A lire absolument : Ce que va payer l'Etat pour maintenir la prison de la Santé à Paris

Le Démantèlement continue... En matière de gestion, c'est un total non-sens pour l'Etat ! Evidemment pas pour les sociétés privées où cela ressemble au jackpot (cf l'exemple des autoroutes).
Depuis 2002, le ministère de la Justice recourt au "PPP" pour assumer le coût de sa politique carcérale: il paie en loyer ce qu'il économise en travaux. Pour la Santé, la facture s'élèvera à 20 millions par an.
La prison de la Santé à Paris a accueilli ses premiers prisonniers en 1867. (AFP PHOTO/JOEL SAGET)

C’est la prison la plus people de France. Sise en plein cœur du XIVème arrondissement de Paris, son carré VIP a hébergé bien des personnalités. De l’Histoire de France, comme Guillaume Apollinaire, Maurice Papon et Jean-Marie Bastien-Thiry aux petites stars de la délinquance en col blanc, de Jacques Crozemarie, Jérôme Kerviel, Bernard Tapie à Xavier Niel…

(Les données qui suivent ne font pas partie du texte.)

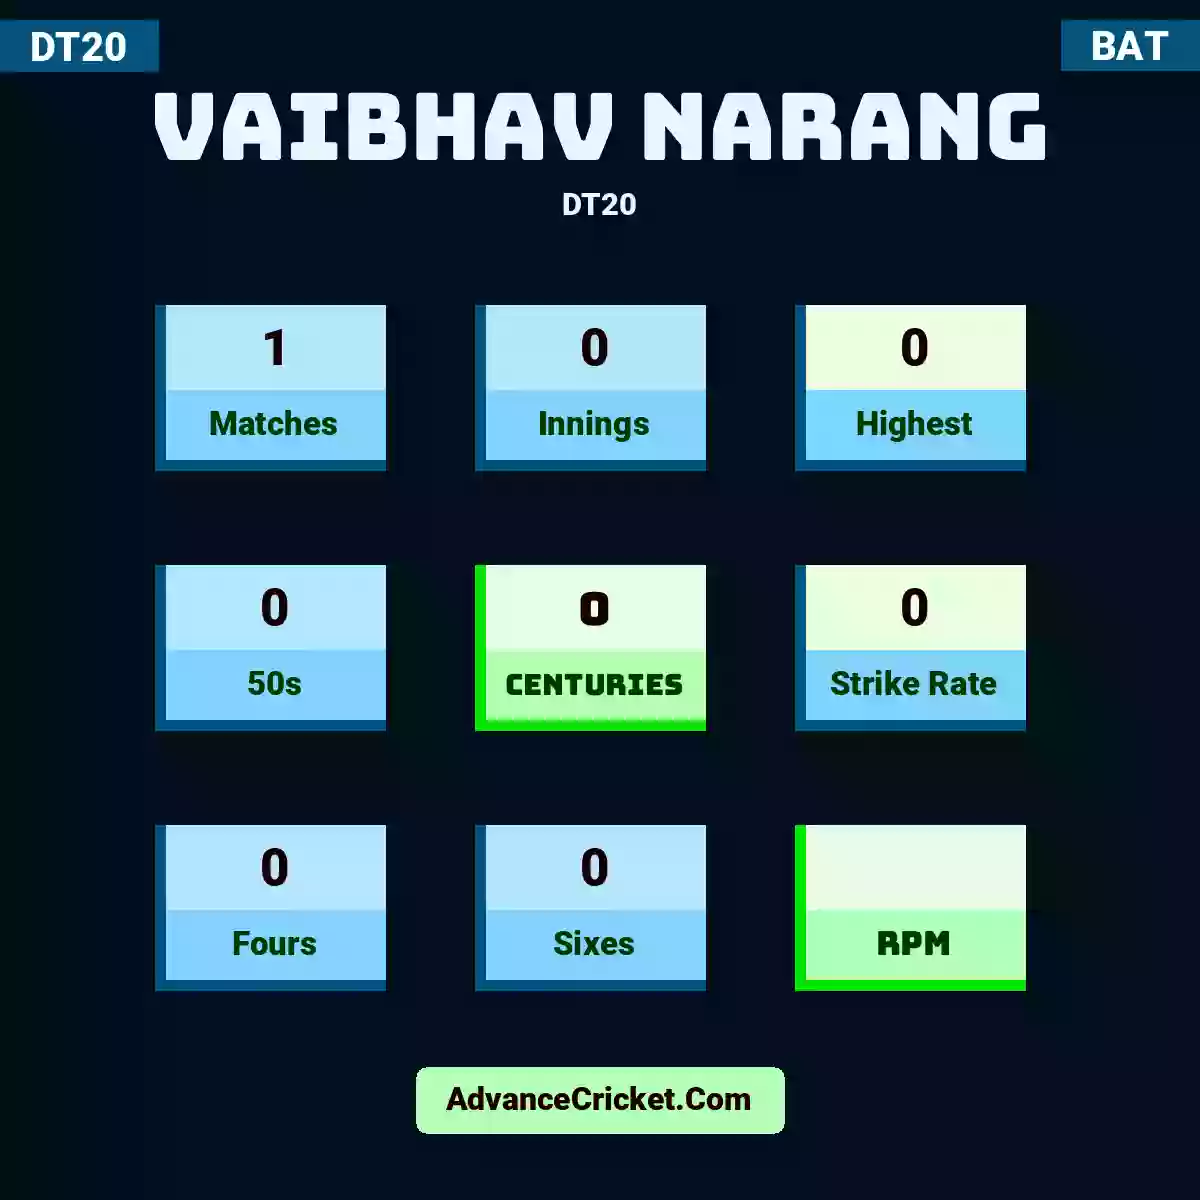 Vaibhav Narang DT20 , Vaibhav Narang played 1 matches, scored 0 runs as highest, 0 half-centuries, and 0 centuries, with a strike rate of 0. V.Narang hit 0 fours and 0 sixes.

Vidée cette année de ses derniers hôtes, la maison d’arrêt de la Santé, vétuste, fera peau neuve… pendant quatre ans. Un vaste projet de rénovation rendu possible grâce à cette formule de financement tant décriée : le contrat de partenariat public-privé(communément appelé PPP). Qui consiste à confier à des partenaires privés la construction, l’exploitation, la maintenance et le financement d’un projet, pendant 25 ans.

Pour la prison de la Santé, l’heureux gagnant est le groupe de BTP Vinci, accompagné pour l’occasion d’une filiale de GDF Suez (GEPSA) et du fonds d’investissements anglo-saxon 3i. L’investissement qu’ensemble ils avancent, de 160 millions d’euros, sera remboursé par l’Etat sous forme d’un loyer annuel d’une vingtaine de millions d’euros versé pendant… 25 ans, donc. Ce qui suscite la polémique récurrente sur cette technique pour financer des investissements publics quand l’argent public manque.

300 millions d'euros de loyer en 2019

En matière de prisons, l’offre de l’Etat ne parvenant pas à suivre la demande (cf. le scandale de la surpopulation carcérale), le ministère de la Justice a depuis 2002 opté largement pour cette formule. Résultat, dans un rapport rendu en 2011, la Cour des comptes considère ces engagements publics comme une véritable "bombe à retardement". En 2014, les loyers dus au titre des PPP des dix établissements pénitenciers déjà ouverts atteignent 124 millions d’euros. En 2019, après livraison de celles en cours de construction (Valence, Riom, Lutterbach, Beauvais et, donc, La Santé), la facture explosera à 300 millions d’euros !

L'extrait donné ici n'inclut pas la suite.